• Exercise instructions: Write the data below out exactly as it stands. Do not include the pictures.

----- Data block

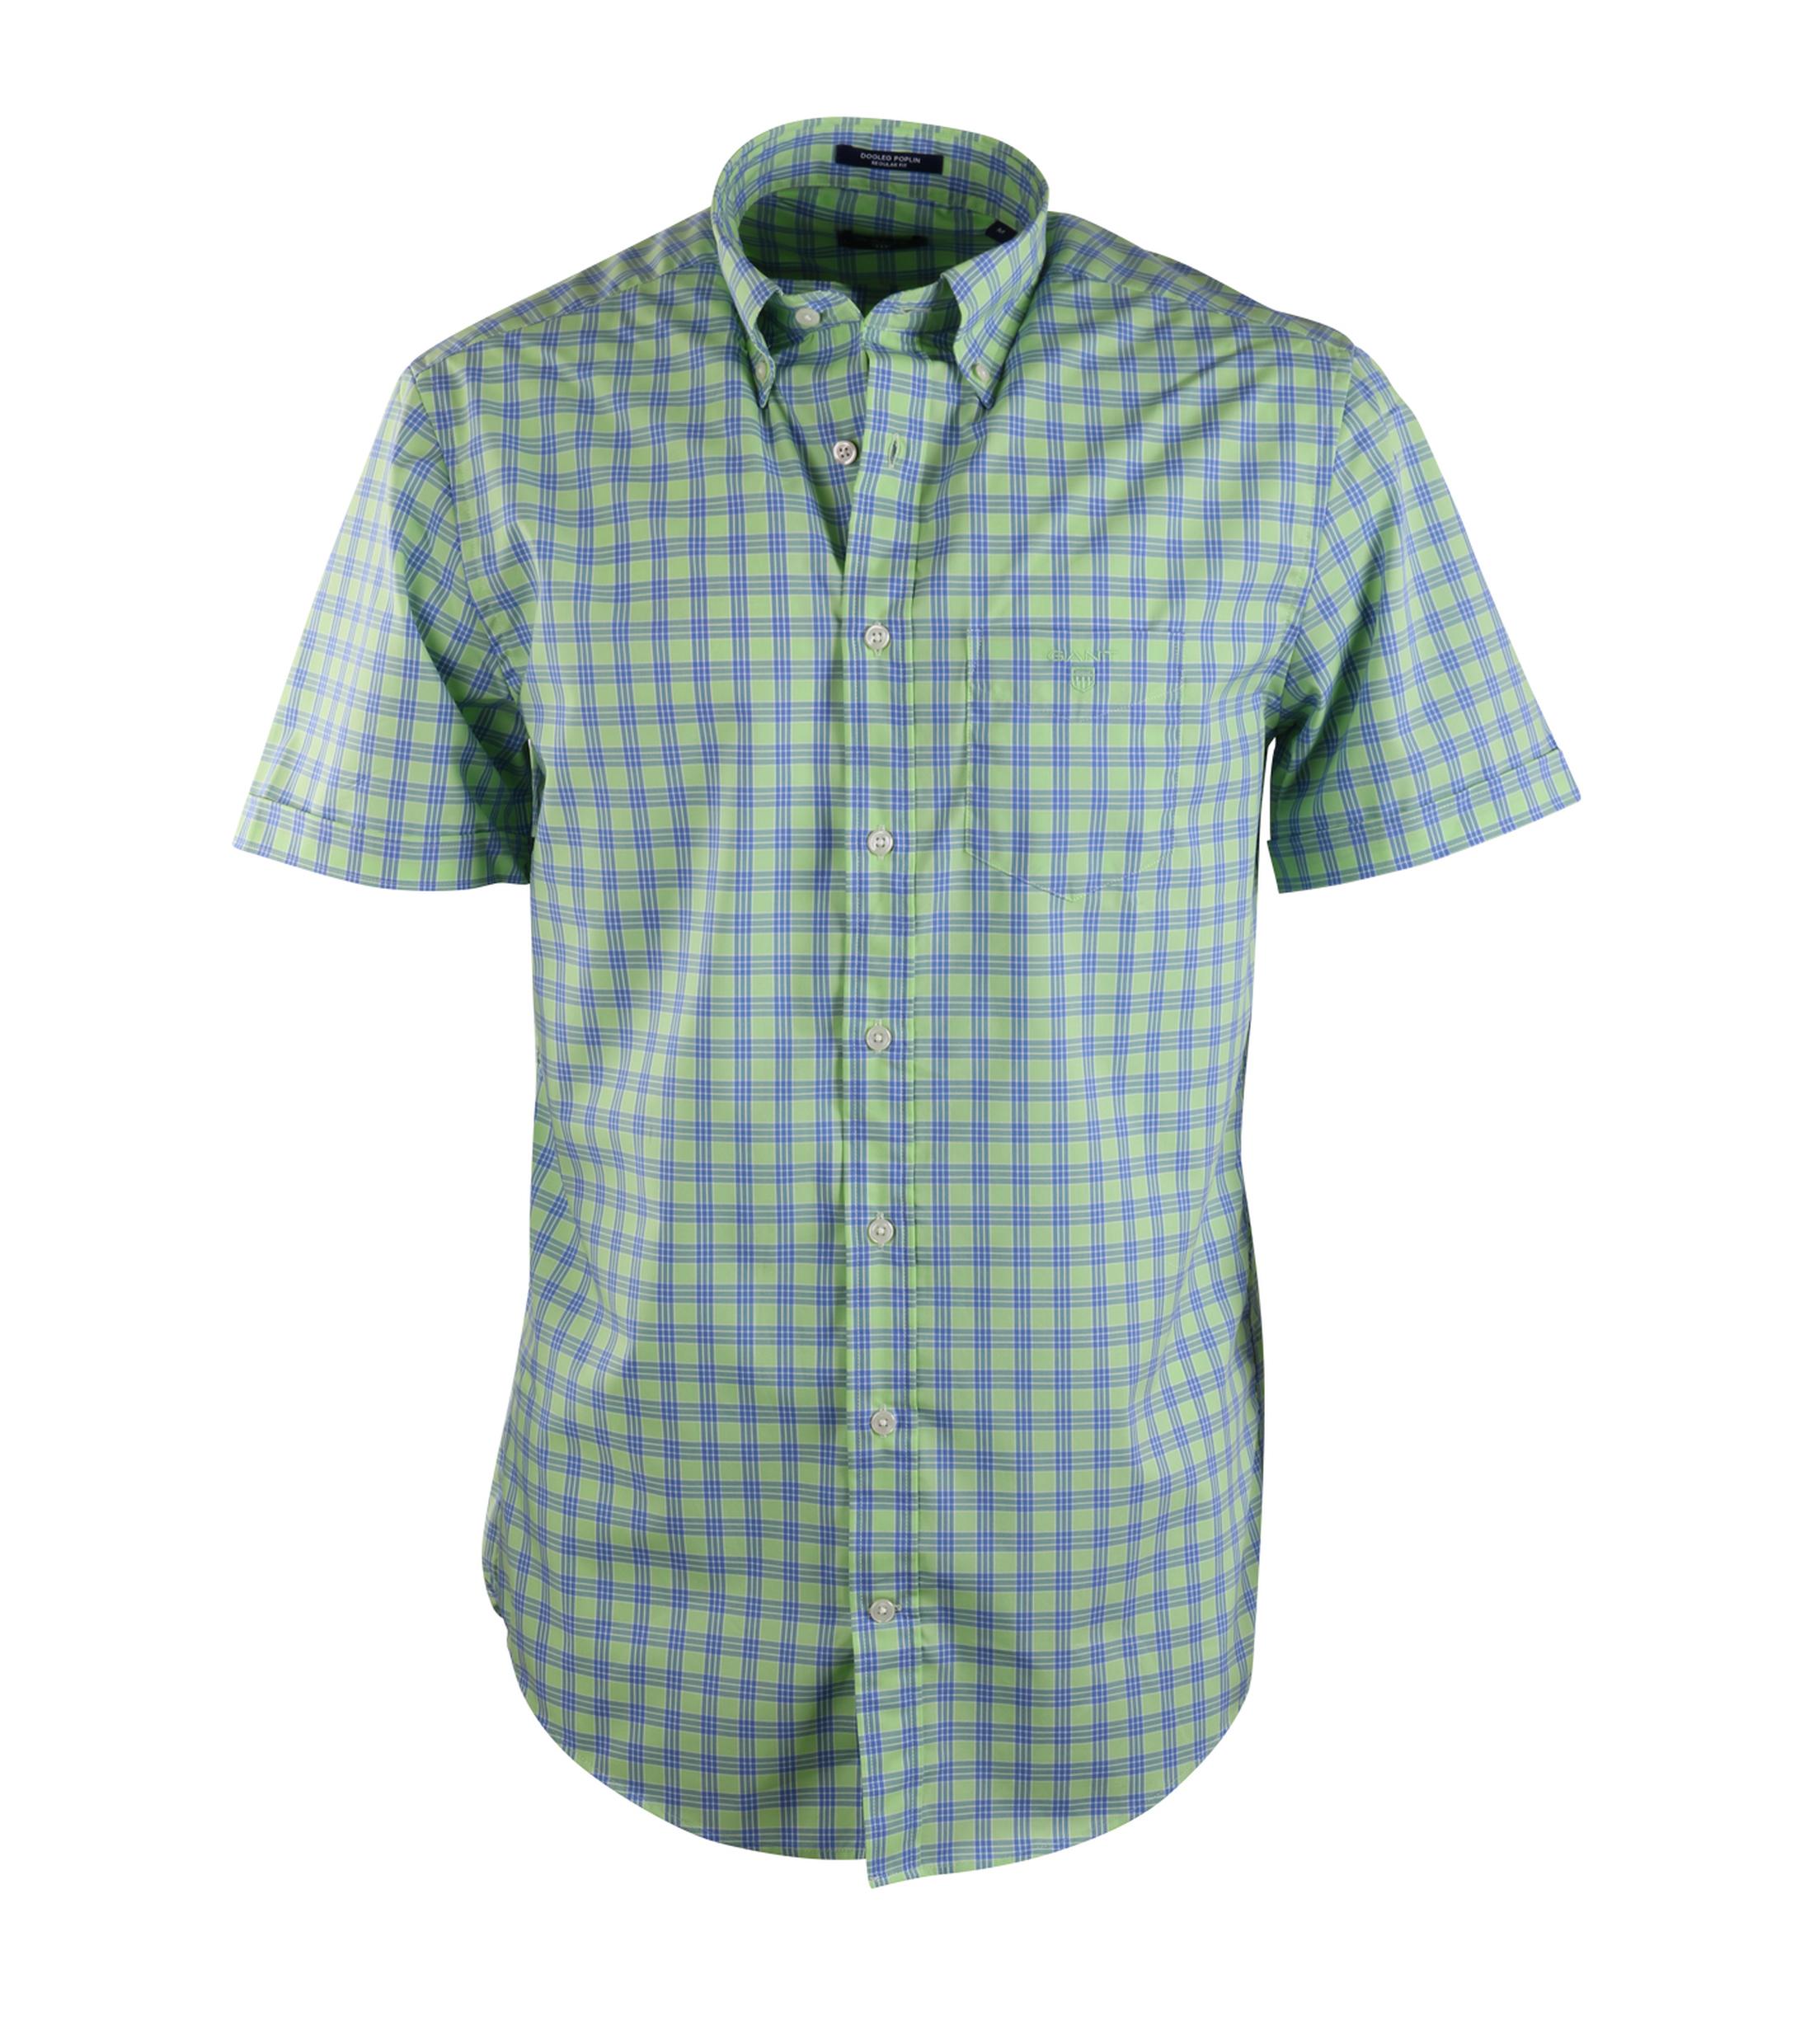 Gant overhemd green check for Designhotel maastricht comfort xl
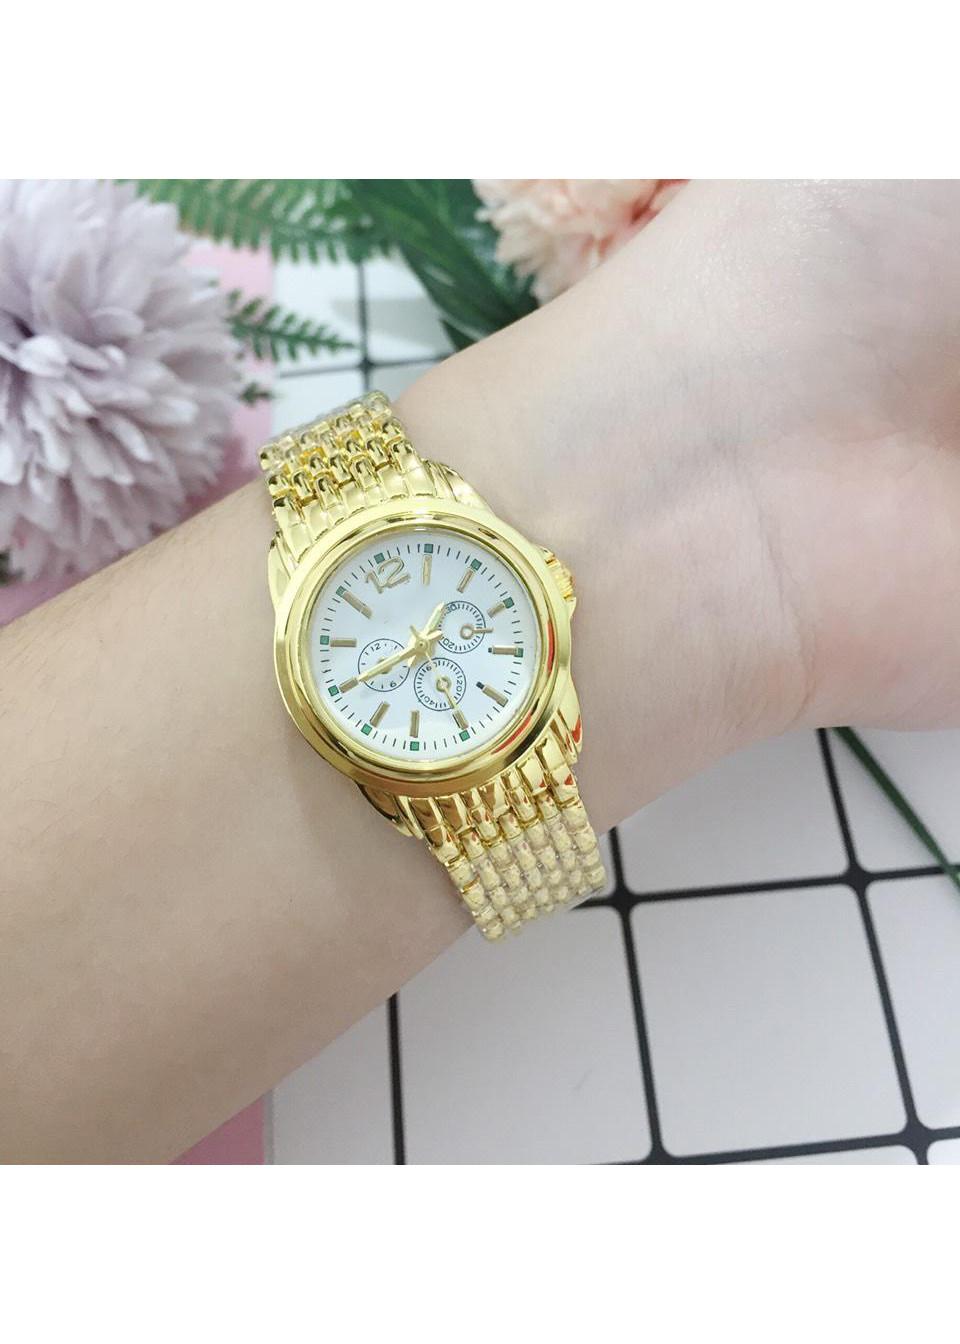 Đồng hồ thời trang nam nữ Rosra ZO58 mặt trắng dây nhuyễn
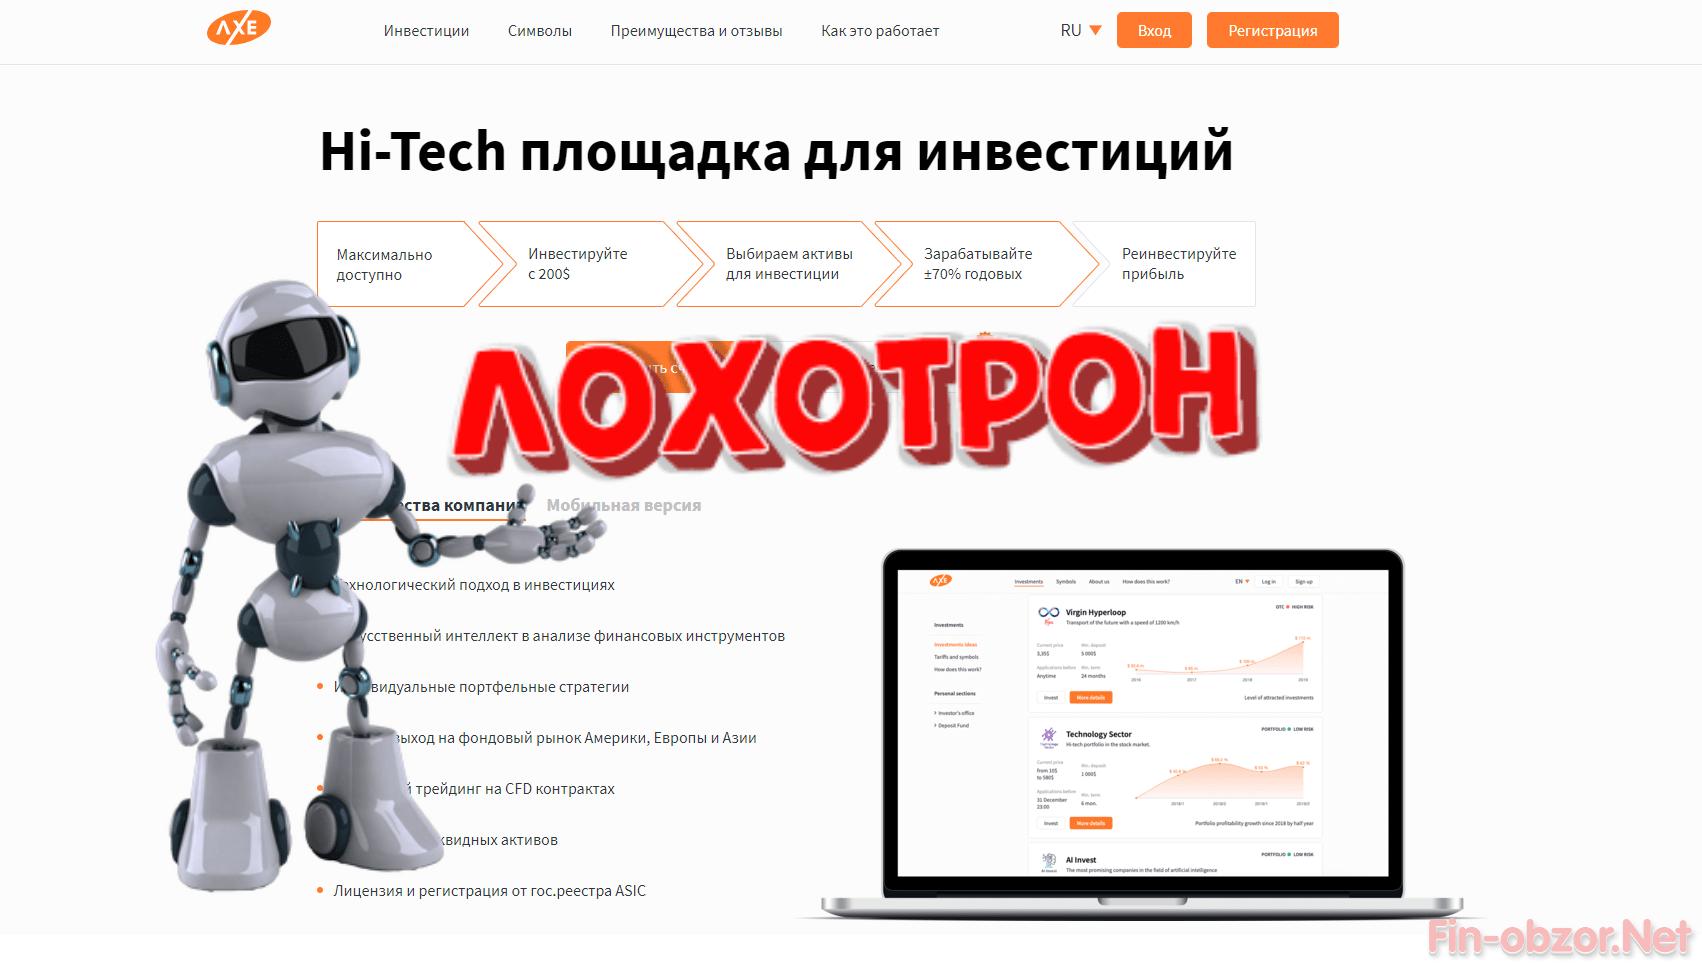 Брокер Axe&Co - какие отзывы Репутация axe-co.com
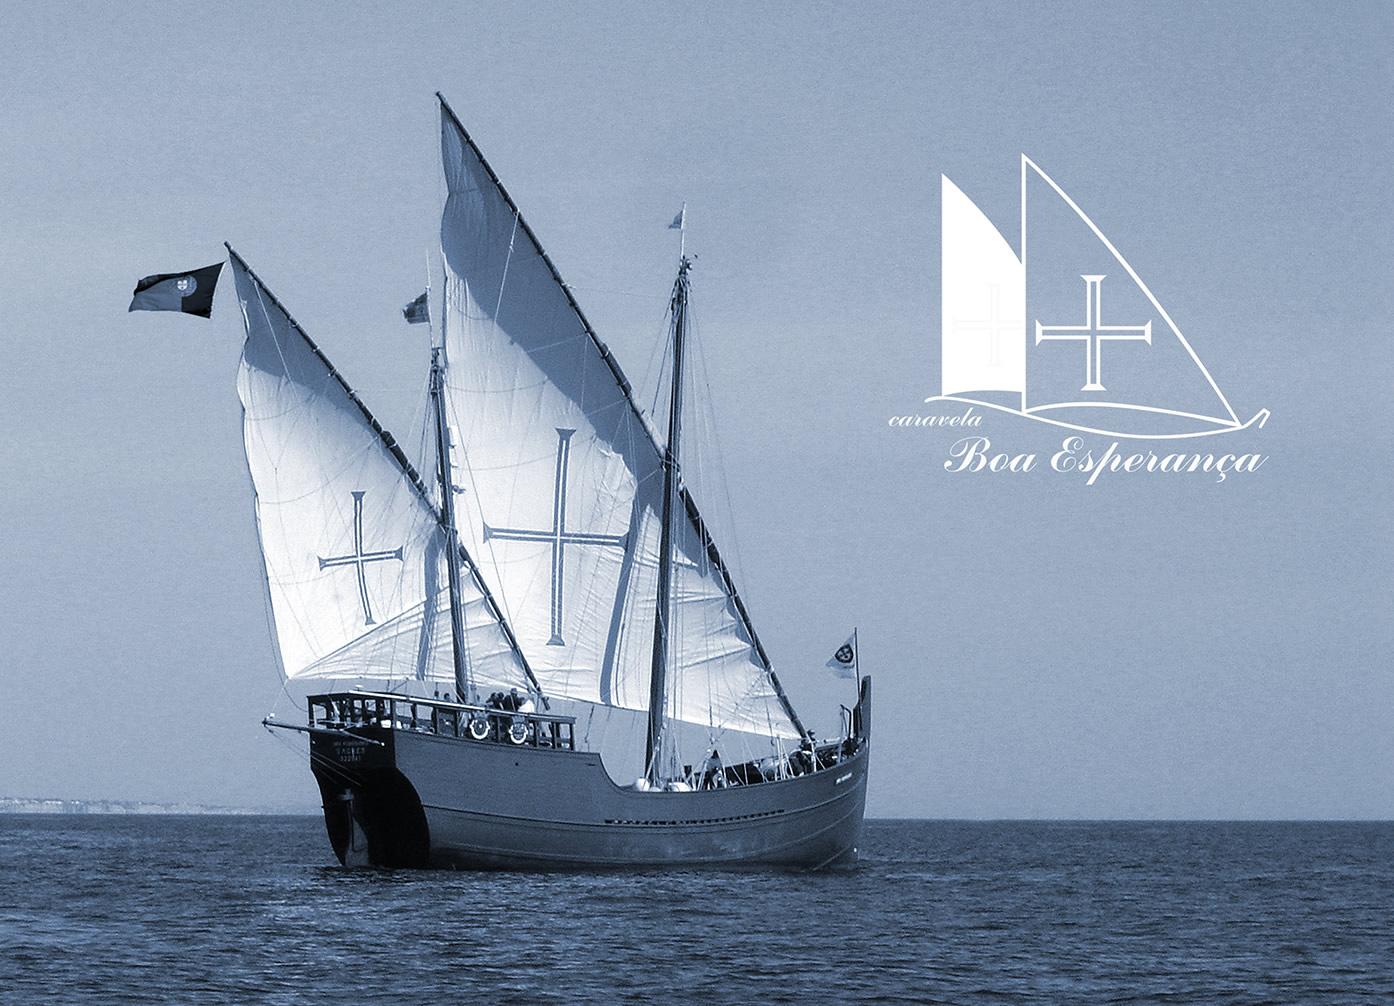 Visita y Navegación en la Carabela Boa Esperança en A Coruña

----------

• Task output:
 Gant overhemd green check for Designhotel maastricht comfort xl
 Đồng hồ thời trang nam nữ Rosra ZO58 mặt trắng dây nhuyễn
 Брокер Axe&Co - какие отзывы Репутация axe-co.com
 Visita y Navegación en la Carabela Boa Esperança en A Coruña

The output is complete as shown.